Even Charles, with his support of some environmental issues, is in no sense a social reformer, as his stewardship of the Duchy of Cornwall has shown in his time as heir apparent.
It blatantly tinkers behind the scenes, in line with its current constitutional rights, with legislation that may affect its many vast landholdings and financial interests - such legislation has to be run by the king before it even proceeds, never mind the final process of royal assent. On other issues, it goes with the flow, with only token disapproval, if any at all.
There have been no grumblings or even comments from Charles or the rest of the royals at the extreme actions and statements of the most rightwing government this country has ever seen, so the idea that the royals represent in any way a "voice for the people" is utterly laughable.
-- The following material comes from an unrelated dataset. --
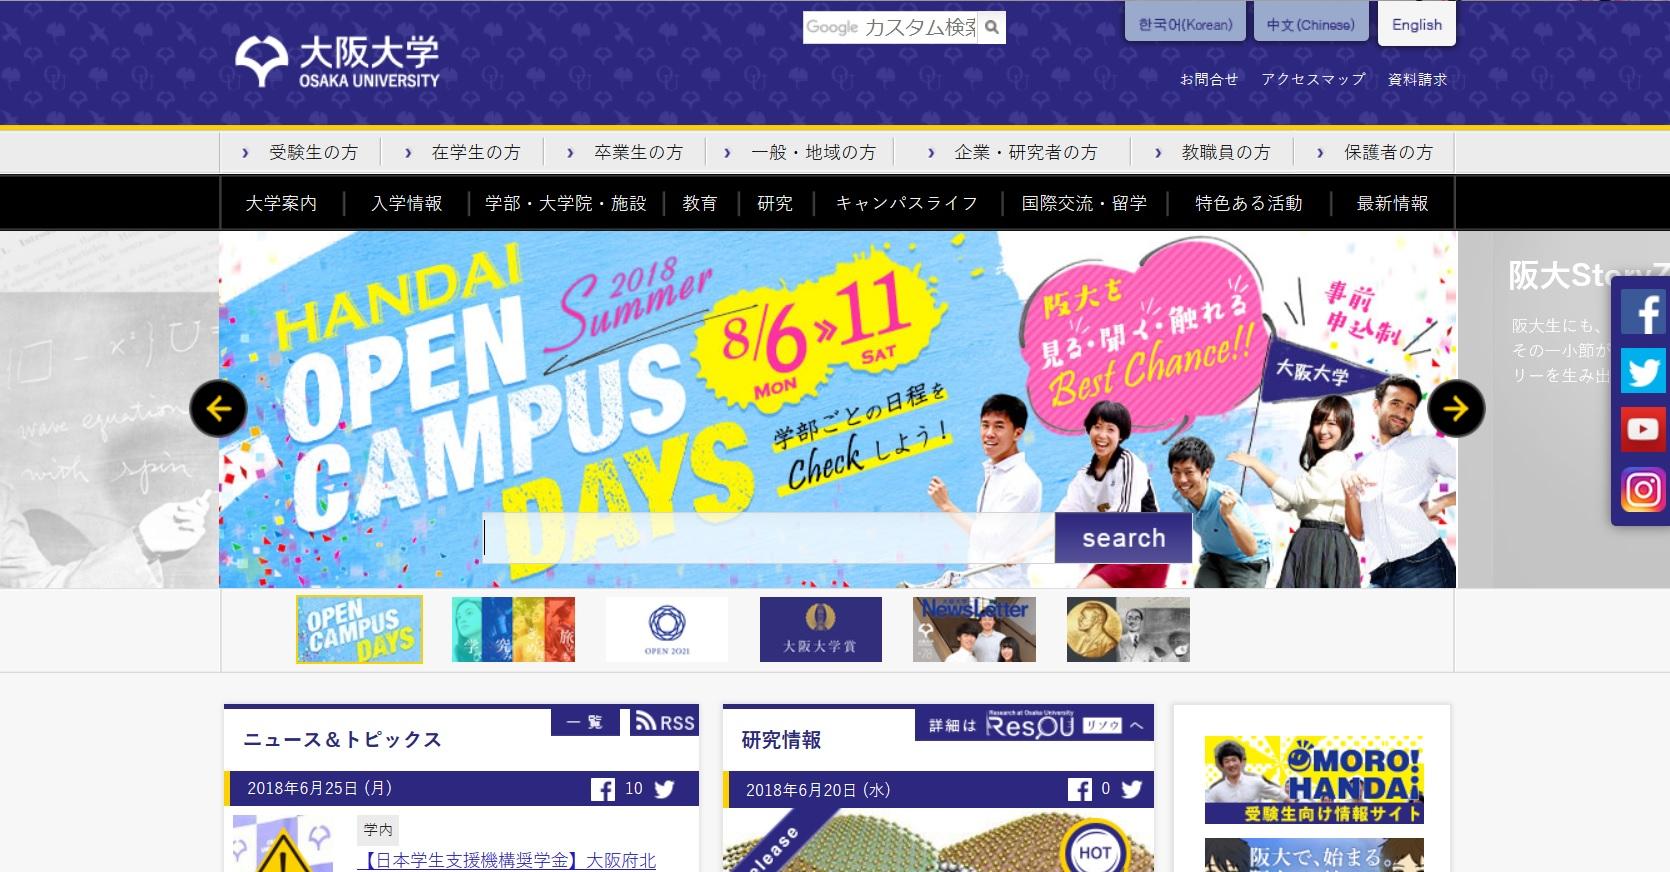 [ITmedia エンタープライズ] 不正アクセスを受けた大阪大学が模索する、新しい「CSIRT」の在り方(後編)

For instance, Charles has said nothing about the sinister arrests of protesters before and at his coronation, for only a few of which the police have now started offering cheap token apologies. If there was a time when Charles might have called for mercy and indulgence, not to mention decency and common sense, from his position of extreme privilege, this would be it, and it would set a better tone for the start of his period as monarch by upholding freedom of speech and peaceful dissent. Instead, silence as the dust and glitter settle on the spectacle of his extravagant concert at Windsor Castle.
What the royal family does do is add a veneer of distraction to the government's agenda of the day. That's the illusion of "balance" you mentioned. It's anything but.
The royals' obscene wealth and entitled isolation from the real world most of us inhabit are in stark contrast to the tightening of belts and increasingly draconian laws the rest of the country are expected to bear, and it's a deeply conservatizing force.